Content starts

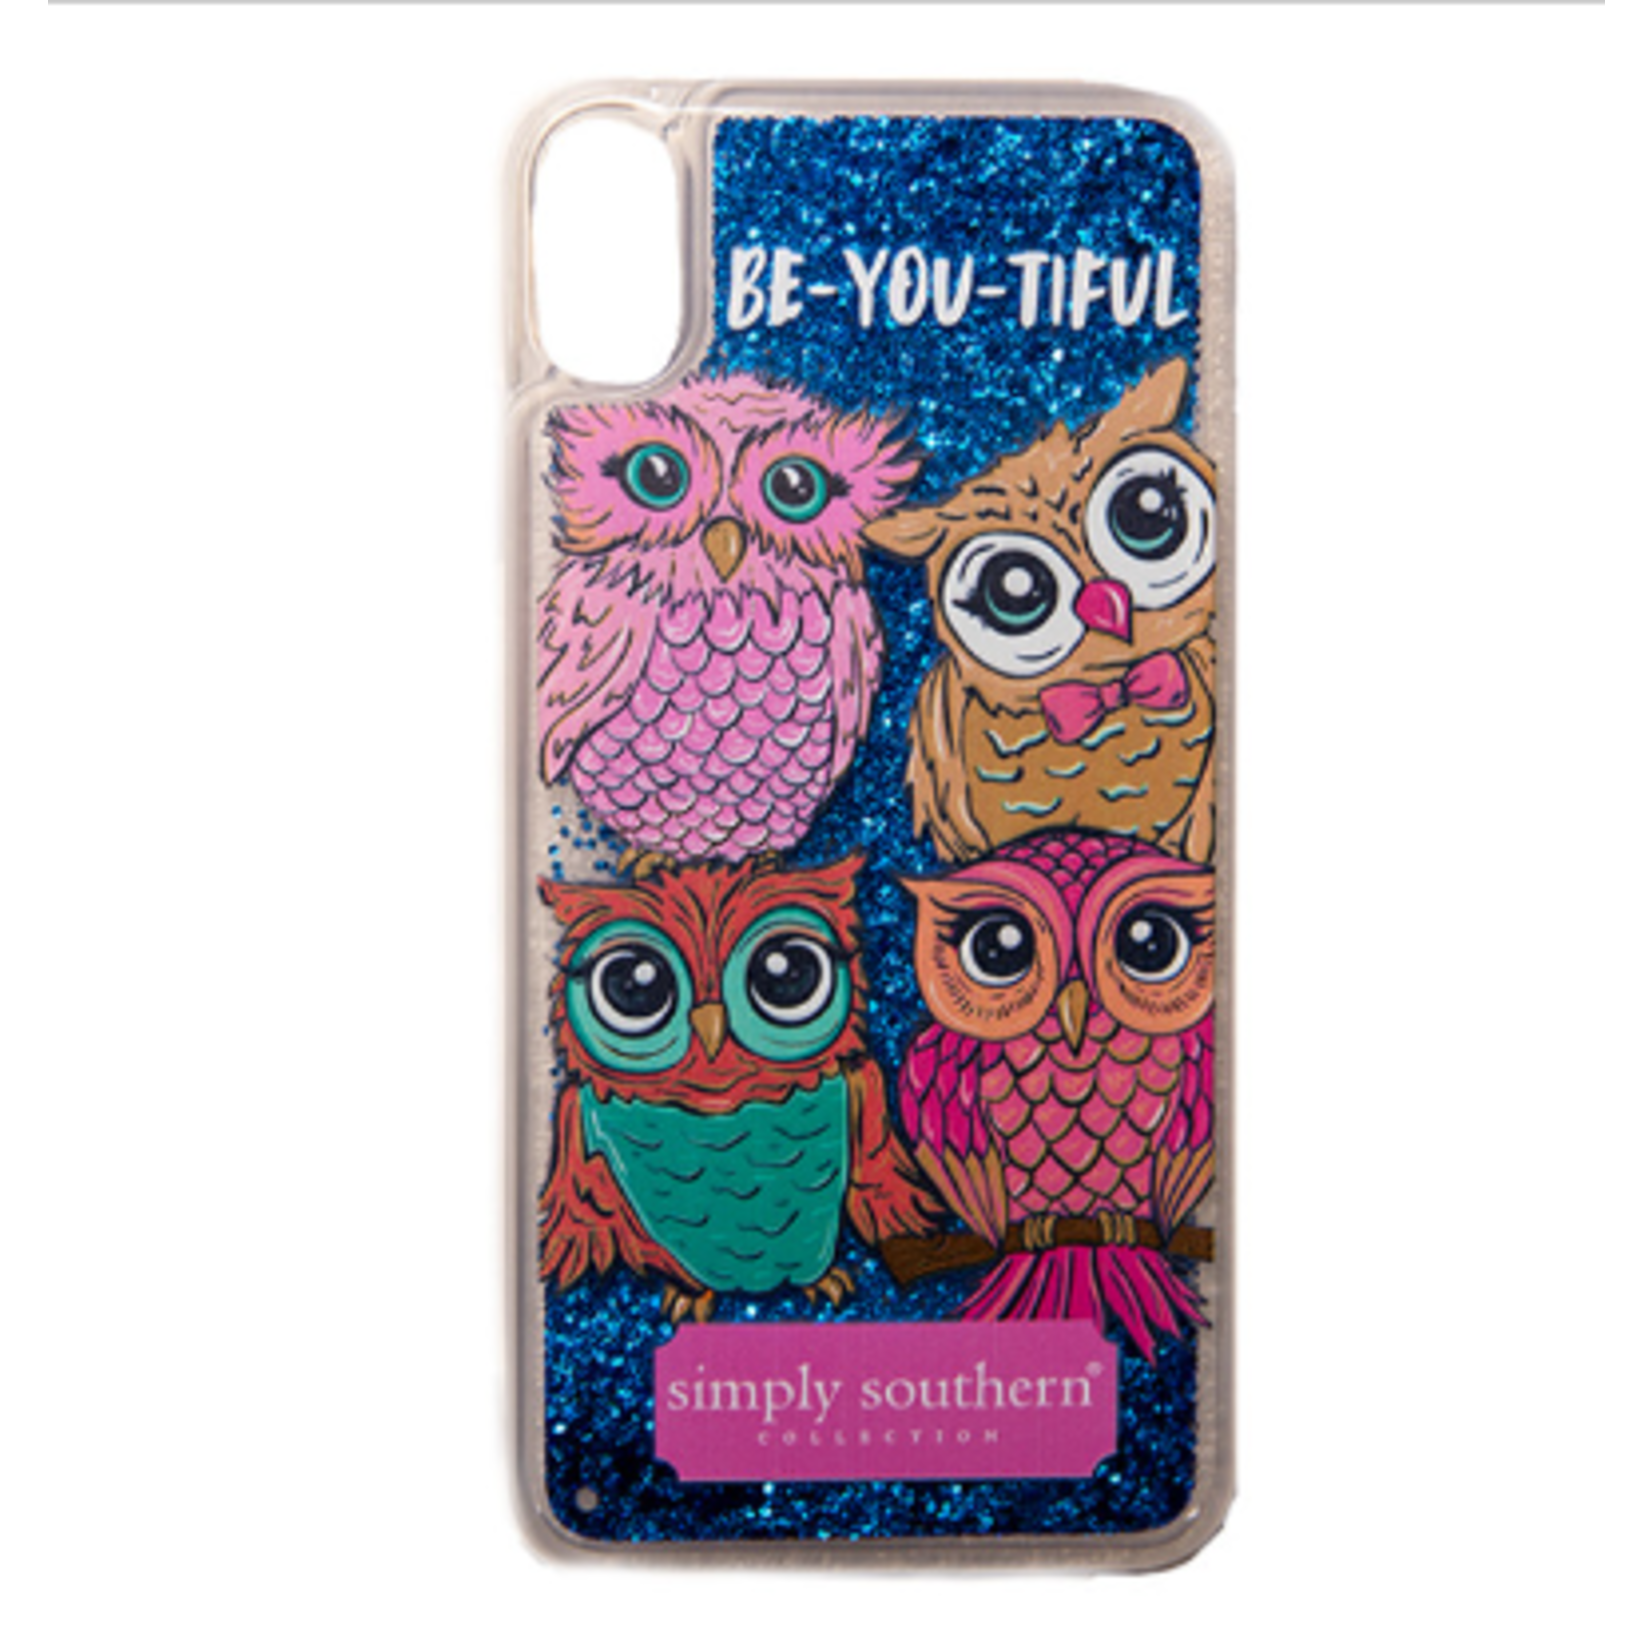 Simply Southern Simply Southern Owl iPhone XS Max Phone Case
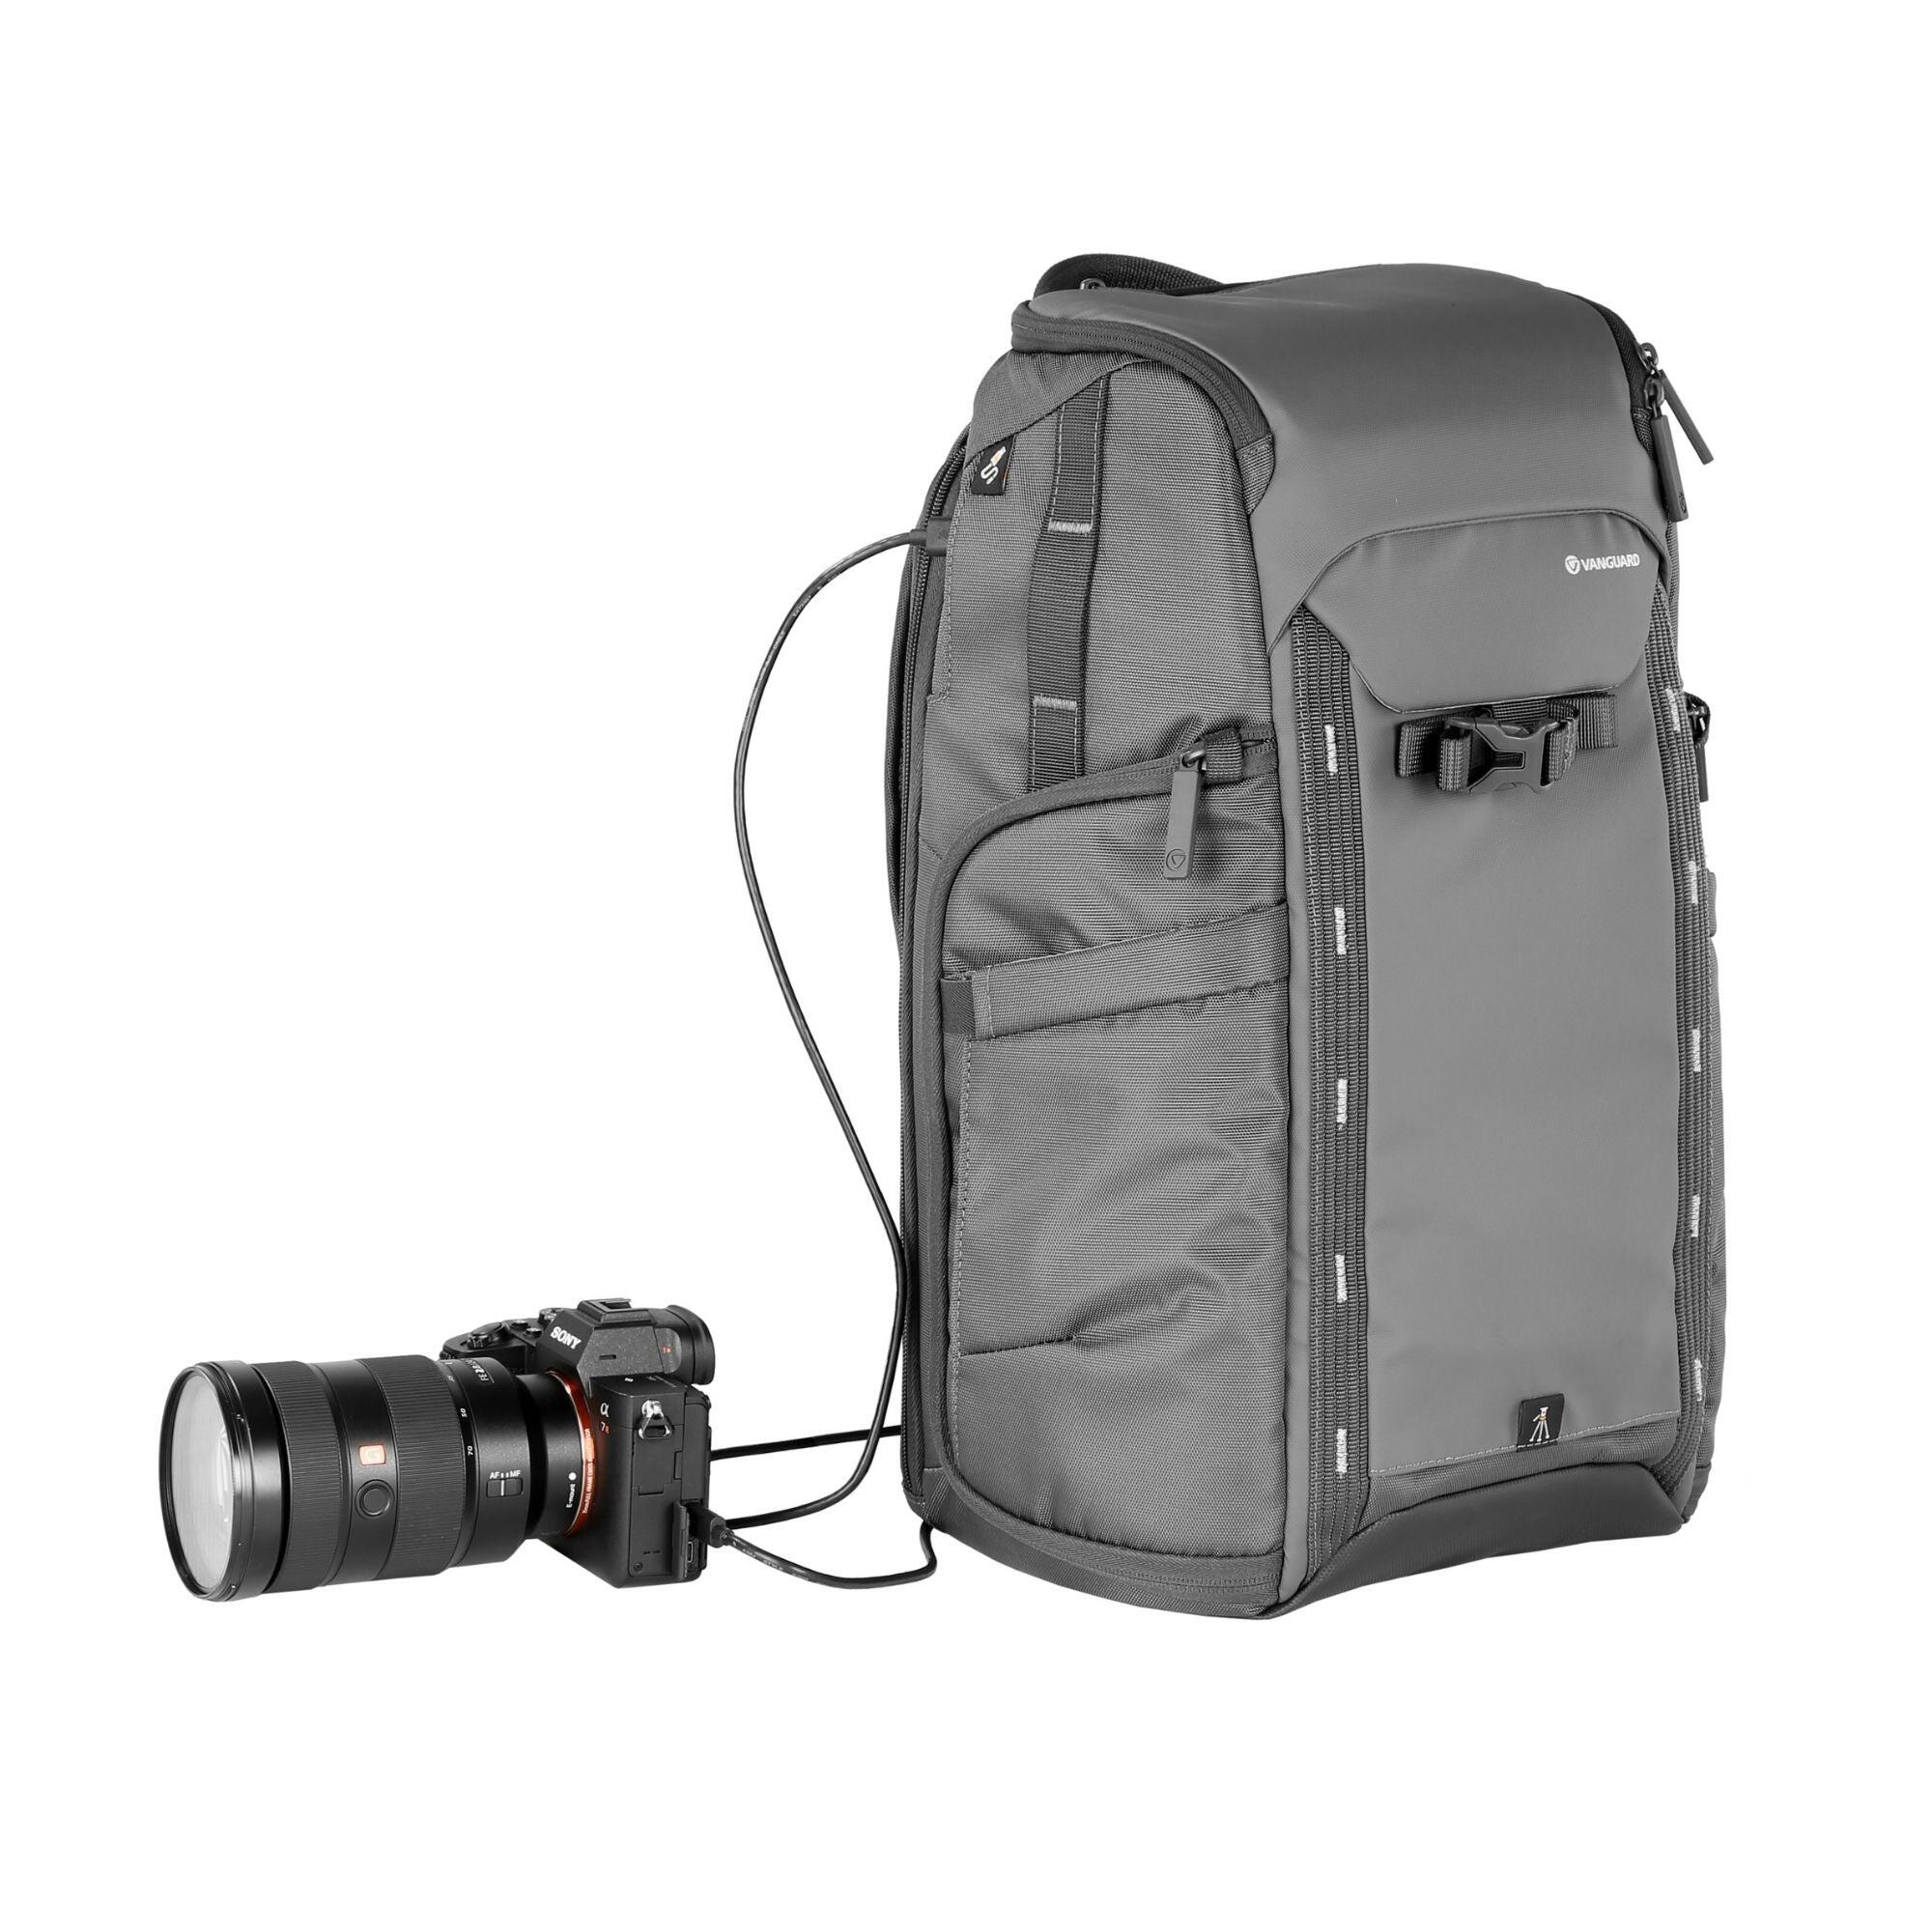 VEO ADAPTOR R44 GY Camera Backpack with USB Port - Grey 1/5
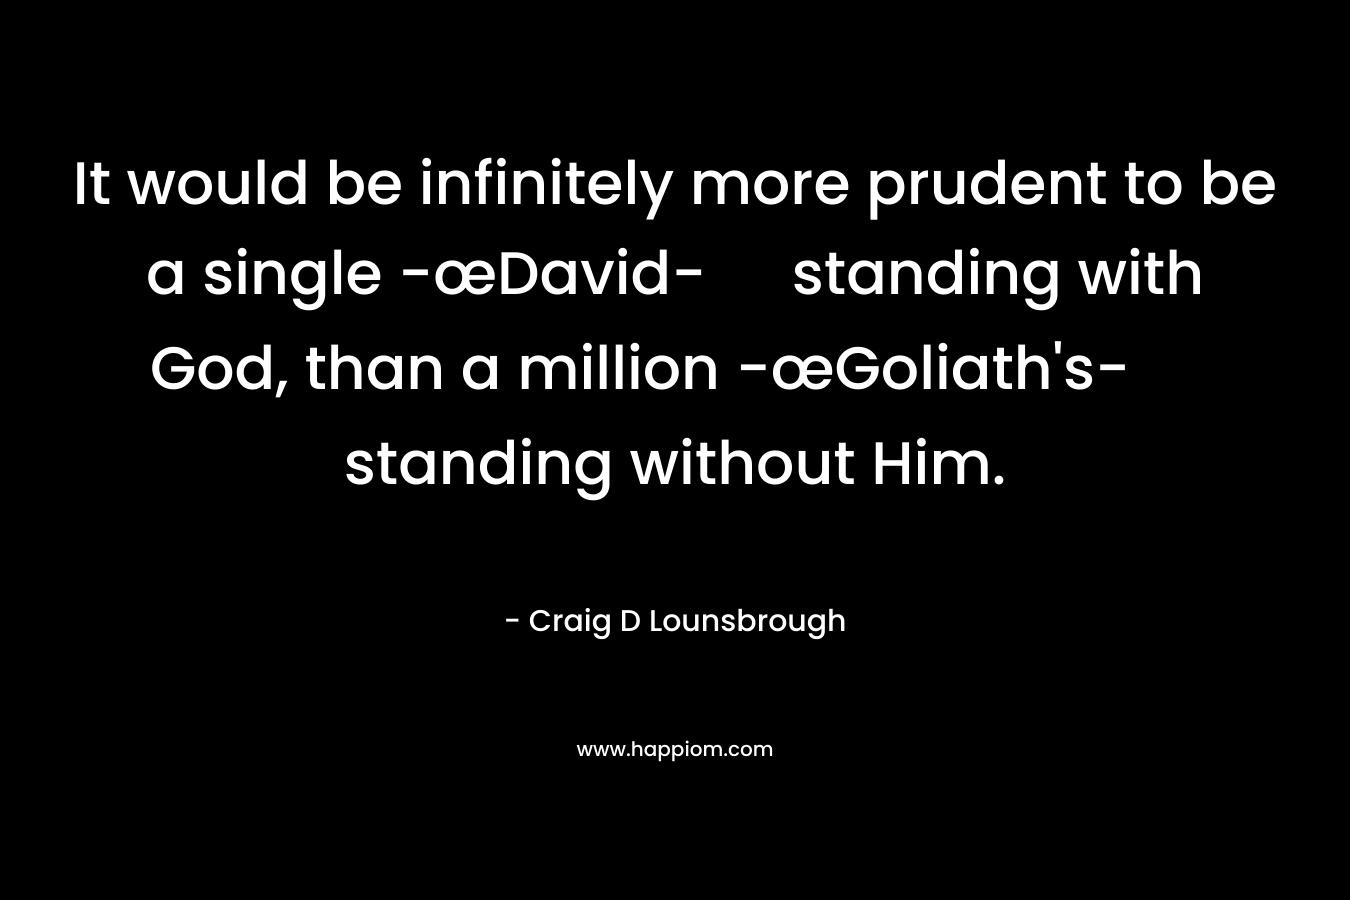 It would be infinitely more prudent to be a single -œDavid- standing with God, than a million -œGoliath's- standing without Him.

Content ends

- **Task brief**
Print every line above once more, exactly. Omit the pictures.

- **Exercise answer**
 Simply Southern Simply Southern Owl iPhone XS Max Phone Case
 VEO ADAPTOR R44 GY Camera Backpack with USB Port - Grey 1/5
 It would be infinitely more prudent to be a single -œDavid- standing with God, than a million -œGoliath's- standing without Him.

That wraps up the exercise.